Hi, I do not know English, write through a translator, so I apologize in advance if something is not clear. I would like to offer you a number of improvements that, in my opinion, will make Budgie better:
The background of the login window (when the PC is turned on) is visible only when the background itself is in /usr/share/backgrounds. If the background is in /home/username/Pictures, only the selected background color is displayed. I think that those who do not know this may have problems.
As for me, an important addition is more settings in the volume menu. The problem is that there are a lot more settings in the side menu, and in the sound menu you can only change the volume. Not convenient.
Add more “AppIndicator Applet” settings. I would like to be able to change the distance between the icons, as well as change their size.
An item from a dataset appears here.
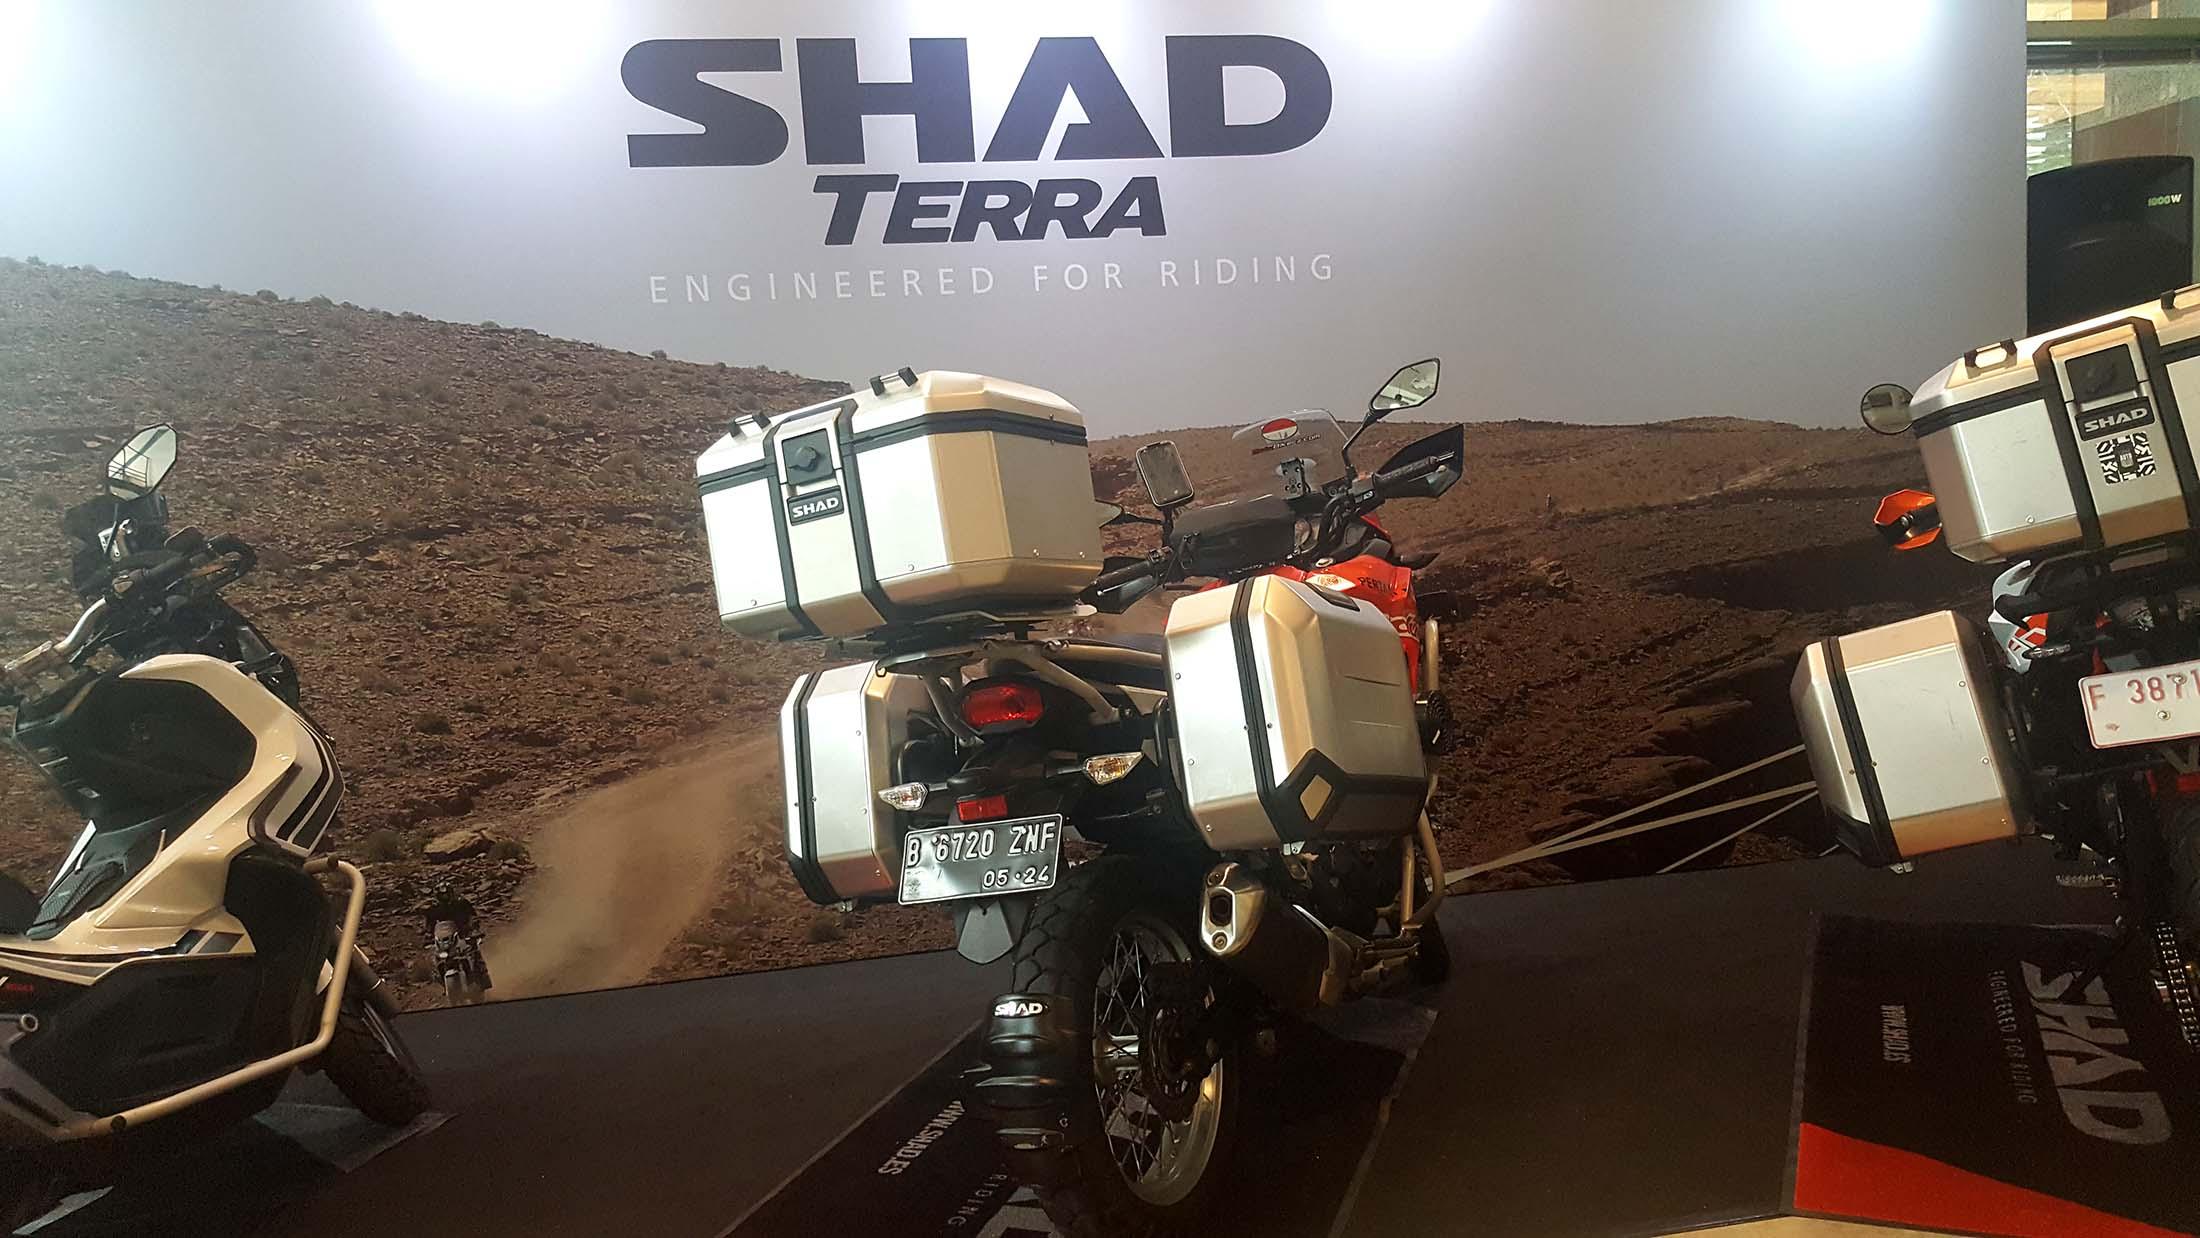 SHAD Luncurkan Alumunium Box Terra Untuk Bikers Indonesia

I, and probably many others, have the use case of switching audio devices fairly frequently (headphones, multiple desktop speakers outputs, etc) and it would be really nice if the audio bar applet had the option to select that, the way MacOS and even Win11 do.
In my opinion, this means that the audio applet can be completely removed from the system. Why do I need it if all the settings are in the side menu? Or let all the sound settings be in the audio applet, as it should be.
It’s just that I find it rather funny that when the user first starts Budgie, he will see 2 identical sound settings in different applets
Ideally the « personal » backgrounds pictures should sit in $HOME/.local/share/backgrounds
You may create a symlink to that folder in $HOME/Pictures/ named ‘My Backgrounds’ for convenience.
The whole path to $HOME/.local/share/backgrounds/* ( and so its content ) should show rwxr-x-r-x permissions in order for lightdm accessing your pictures. Something like :
chmod -Rc o+rX $HOME/.local/share/backgrounds/*
should do the trick.
Or maybe easier add the ( system ) user lightdm to the group of your own user :
sudo adduser lightdm $USER
which also should do the trick.
I’d say that second method is safer - since it does not modify the permissions on folders and files in your $HOME.
will create a visiblesymlink in your « Pictures » folder, to the hidden « backgrounds » folder .
Both ( adduser + symlink ) to be done in each session, if many ( human ) users involved.
In other sessions, just use same commands, thanks to the $VARIABLES
Maybe the lightdm-screen graphical utility should automatically add user lightdm to $USER’s group once « display user’s background » option is enabled ?
This utility is run as admin so it should be able to do that.
That sounds from a security point of view not a good idea. Changing someones security posture should be a conscious decision by the user not a hidden fact. Multiple users with the same rights is a security attack vector
So, in case you want to use the « display user’s desktop » offered by lightdm, what is the safest way ?
I mean this particular option is what makes lightdm more interesting than other session managers.
1⋅ put pictures in /usr/share/backgrounds can’t be the answer since that particular option of lightdm aims at showing the user’s background picture which is actually set in user’s session most often through $HOME/.local/share/backgrounds ( depending on how the user set his⋅her background picture, budgie-control-center or else ) ;
2⋅ by default since 21.10 or 22.04, $HOME and its content is rwxr-x— which prevents any other user from reading, hence lightdm with that particular option won’t show anything but the background color.
One possibility is to chmod 755 the whole path to the personal background pictures, but then anyone might access those files ;
3⋅ other possibility is to add lightdm to $USER’s group without modifying modes on personal files. Only $USER and lightdm ( as group member of $USER ) will access the needed files to display as backgrounds. No one else. And lightdm being a system-user run at start I can’t see when it’s unsafe ?
So 3⋅ sounds much safer to me than 2⋅ which « opens » access to any user.
3⋅ is not at all :
… it’s only $USER ( as owner and group ) accessing righteously his⋅her own files.
2⋅ is « Multiple users with the same rights » since 755 means the whole world can read.
During the Unity era which used lightdm $HOME was then in 755 so lightdm was able to access personal background pictures.
Probably lightdm will need to support something like xdg-desktop-portal which sandboxed apps like flatpaks and snaps use to securely obtain user based data.